In the embodiment, when the ambient temperature (20 ℃) and the grid voltage (220V) are fixed and a battery with the electric quantity of 0% is charged to 100%, the current battery electric quantity is collected at intervals, the battery self-electric quantity can be found to rise along a certain curve along the time change, the battery electric quantity is taken as an abscissa in a coordinate system, the charging time is taken as an ordinate, and the curve is drawn, so that a time-electric quantity curve under the standard environment can be obtained; the current battery temperature is acquired at intervals, the temperature of the battery rises along a certain curve along with the time change, the battery temperature is taken as an abscissa in a coordinate system, and the charging time is taken as an ordinate to draw the curve, so that a time-temperature curve under a standard environment can be obtained.
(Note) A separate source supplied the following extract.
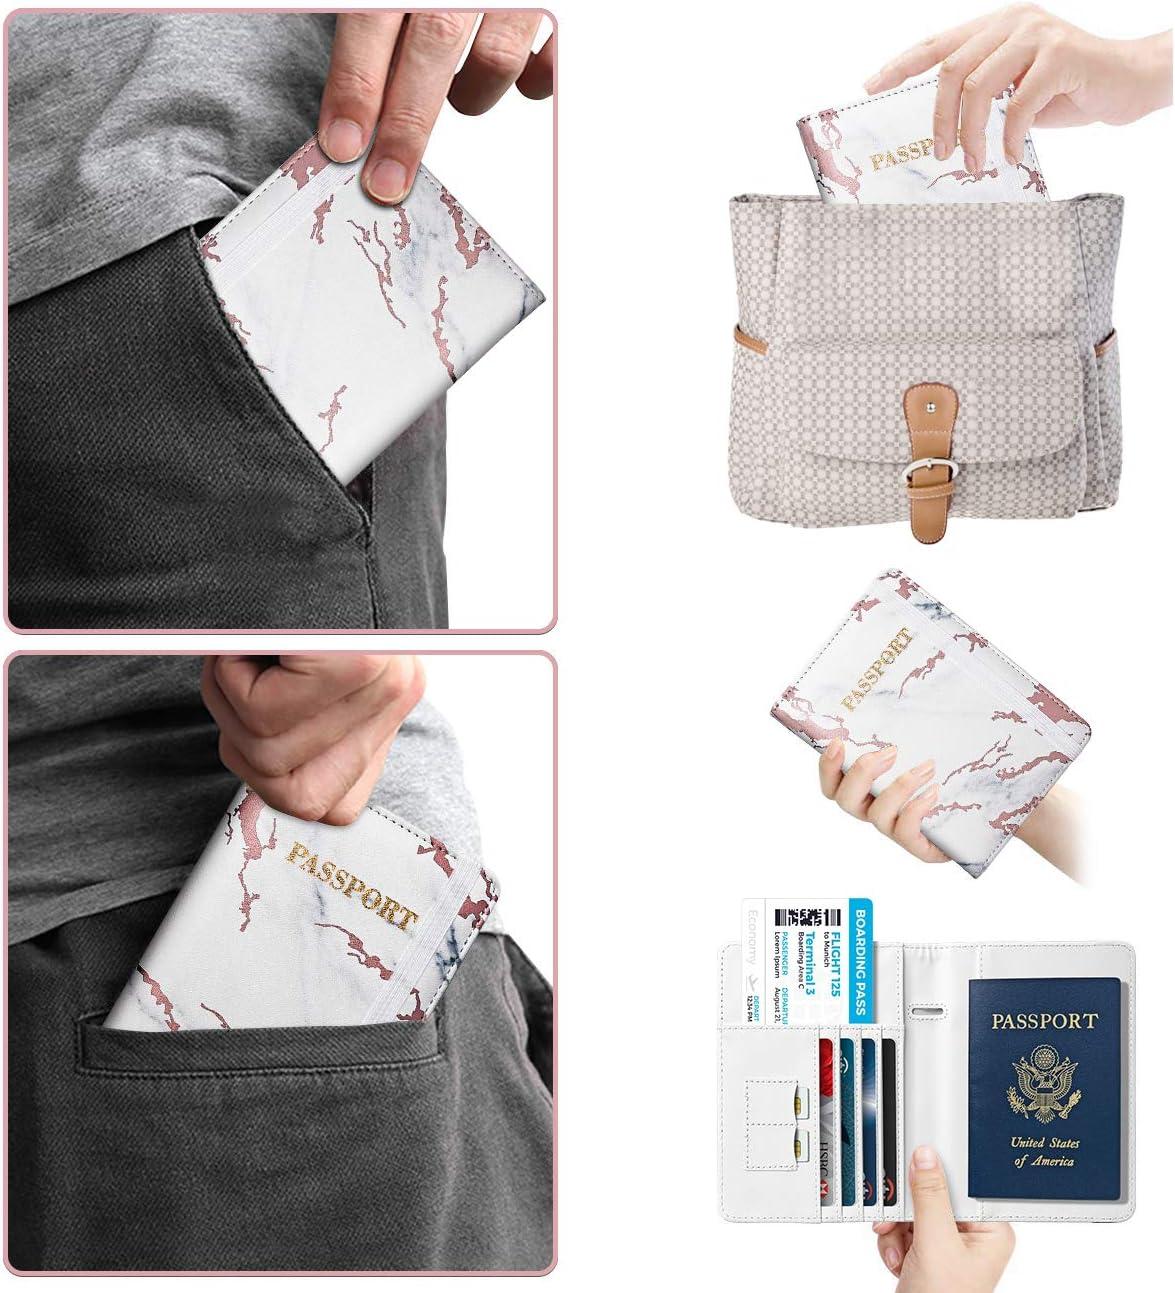 Cartera de Cuero de Pasaporte Unisex con 4 Ranuras para Tarjetas Supgear Funda de Pasaporte Porta Pasaporte para Tarjeta de Cr/édito y Billete Cactus

Step 2: at a time t after the start of charging, acquiring the real-time electric quantity of the battery, setting the real-time electric quantity as a standard electric quantity, finding the time corresponding to the standard electric quantity in a time-electric quantity curve, setting the real-time electric quantity as a standard charging time, finding the battery temperature corresponding to the standard charging time in a time-temperature curve, setting the battery temperature as a standard battery temperature, and collecting the environment temperature and the power supply voltage at the standard time.
In this embodiment, the purposes of setting the standard electric quantity, the standard charging time and the standard battery temperature are as follows: the standard electric quantity can be regarded as a basic independent variable, the independent variable is substituted into a time-electric quantity curve under the standard environment, the time when the battery electric quantity is charged to the standard electric quantity under the standard environment can be obtained, the time is the standard charging time, the standard charging time is substituted into a time-temperature curve, the temperature which the battery should have when the charging time is reached under the standard environment can be obtained, the temperature is the standard battery temperature, the standard electric quantity, the standard charging time and the standard battery temperature are obtained, and the standard value can be referred to when the electric quantity correction and the temperature correction are carried out afterwards.
Step 3: and setting k time after the start of charging as early warning time, and collecting battery electric quantity, battery temperature, environment temperature and power supply voltage at the early warning time.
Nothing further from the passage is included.